MIL-STD vs DO-178 & DO-254

Many military specifications start with MIL-STD-882, but many in the industry believe that “does not meet stringent requirements in DO-178 and DO-254,” McGee says. “The process from beginning to end – each subsystem on the UAS has to be studied, along with the function that it’s going to provide and the level of criticality. Typically with DO-178 and DO-254, there are five levels of criticality, called a design assurance level. No effect is allowed to be at level ‘DAL-E’ and it works all the way up to ‘DAL-A,’; at ‘DAL-A,’ if the system fails, the craft comes out of the air.”

The certification process is time-consuming and detail-oriented. Therefore, “we use industry standard configuration management software,” Gilliland says. “Our internal testing infrastructure is also automated. There are requirements for level A software to do what they call MCDC, which is modified condition decision coverage. When you develop your software, you must trace to all your requirements. Through all your testing, you have to verify that every path, for every logic decision that is exercised, operates the way you expect it to operate. We provide tools to verify what levels of coverage you have on the software.”

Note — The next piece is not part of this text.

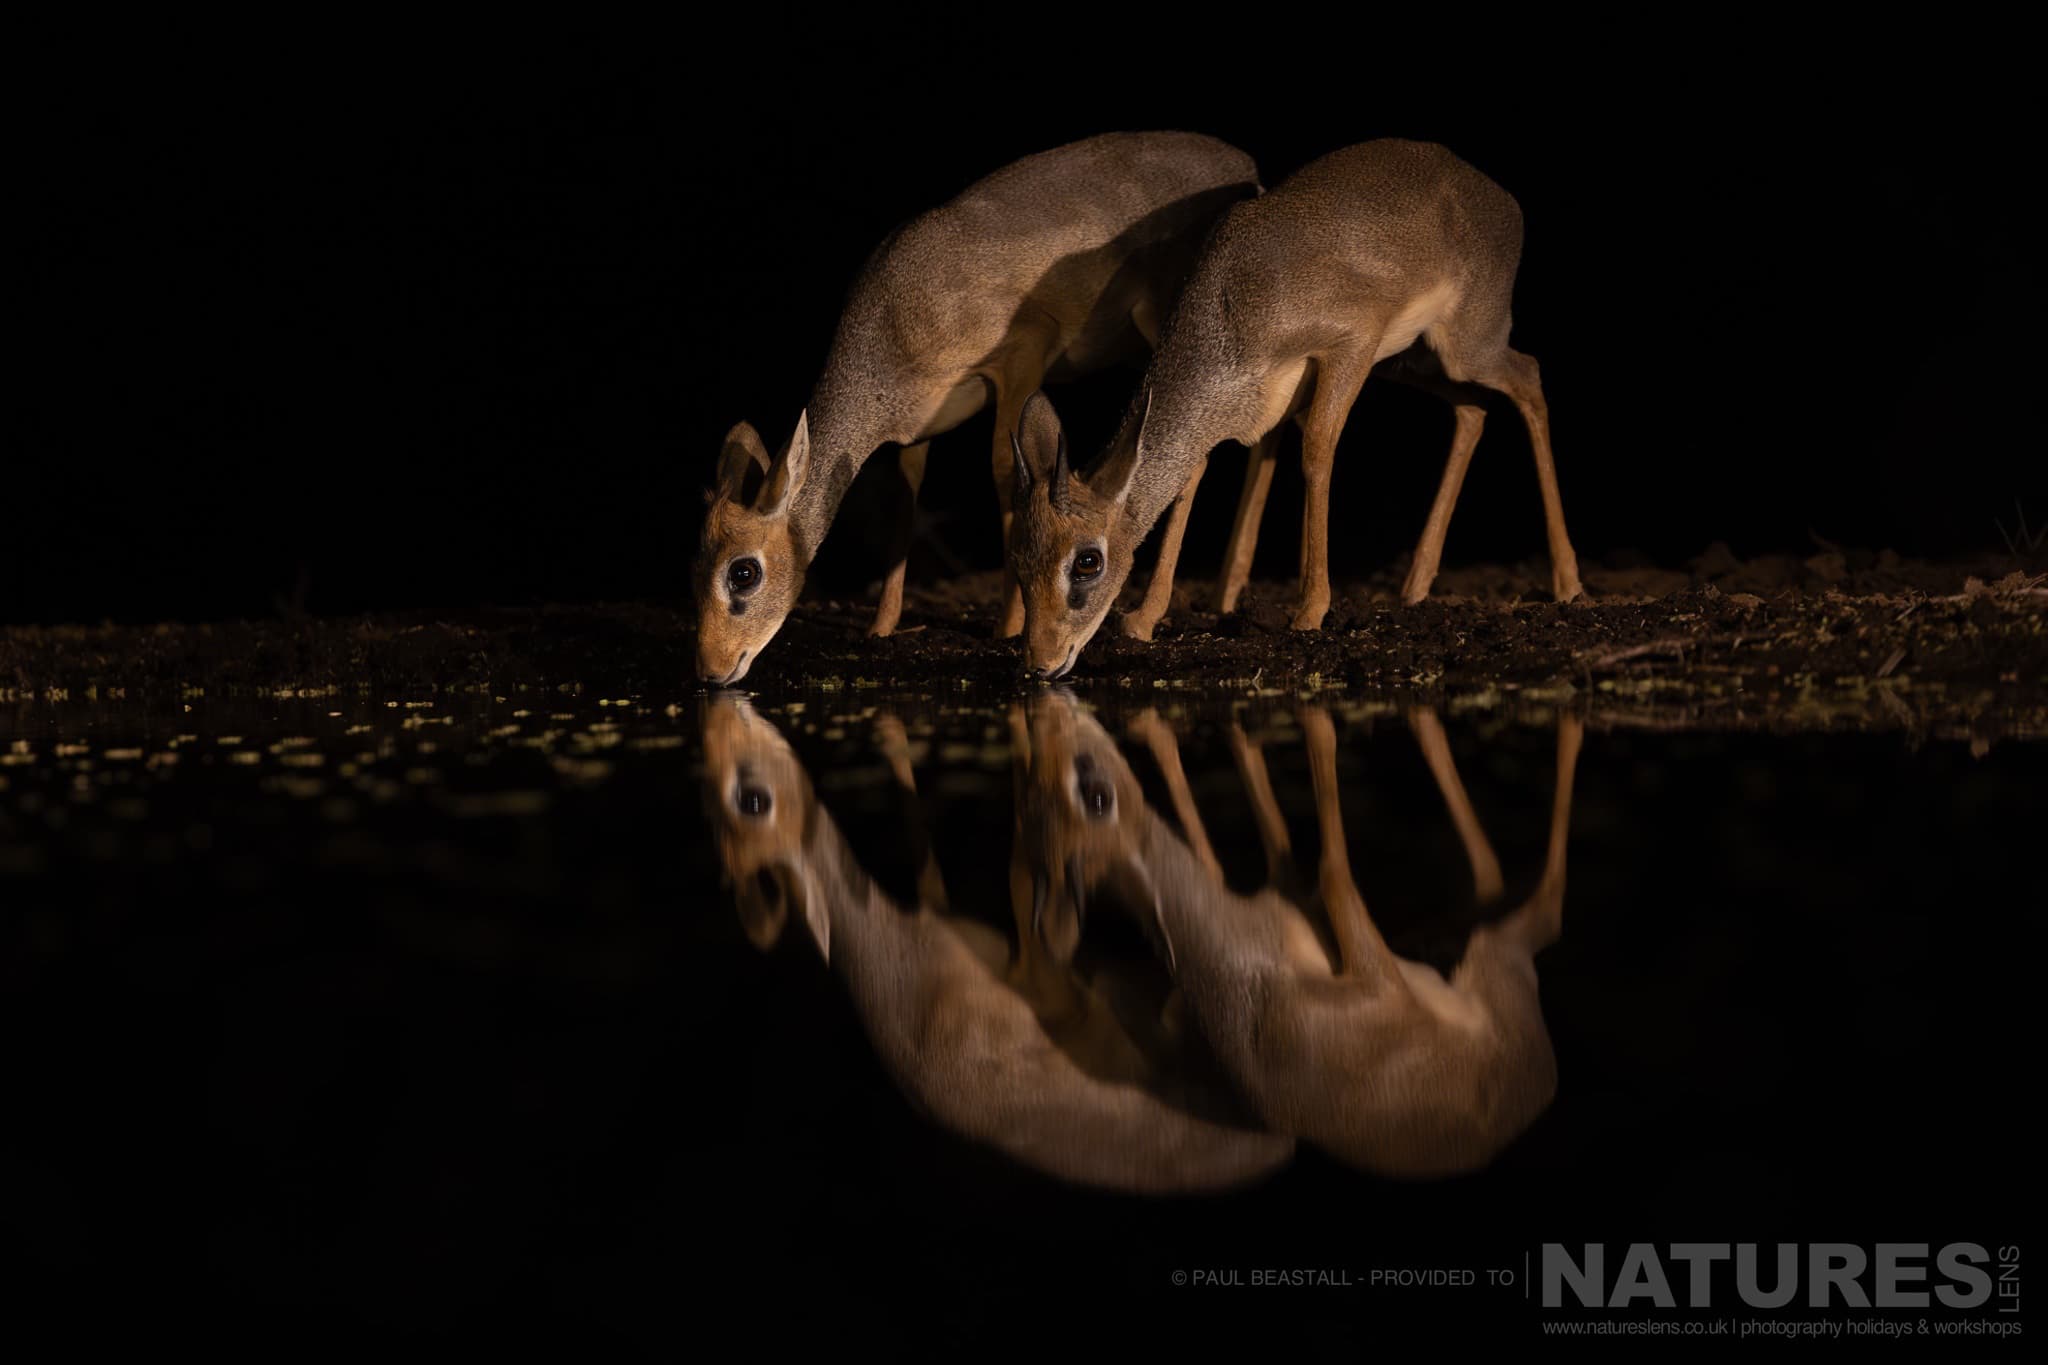 A Pair Of Dikdik Drinking From The Waterhole At Night Photographed By Paul Beastall During A Photography Holiday At Lentorre Lodge With Natureslens

In the long run the biggest hurdles will be in the design process with collision-avoidance technology. In order to get these UASs in the air safely, Wlad says, “So far, no one has obtained approval to operate an unmanned vehicle in the national airspace without restriction. One can imagine that the significant obstacles in obtaining this kind of approval might include demonstrating that the vehicle could detect and actively avoid other aircraft as well as verification of all potential failure modes including loss of function, navigation, or control among other things. More research and development is required before the FAA will formulate further policy.

“Most of the larger unmanned aircraft today are being built by either the military or the social-networking companies,” he continues. “This means the operation of these vehicles is confined to either controlled airspace (such as Beale Air Force Base in California) or remote, restricted areas. In order to allow unmanned and manned aircraft to share the same airspace, new FAA regulations are required. For now, designers are trying to target conventional certification regulations used by Boeing and Airbus. It’s a tall order, given that many of the current regulations assume that a pilot can intervene as a last resort.”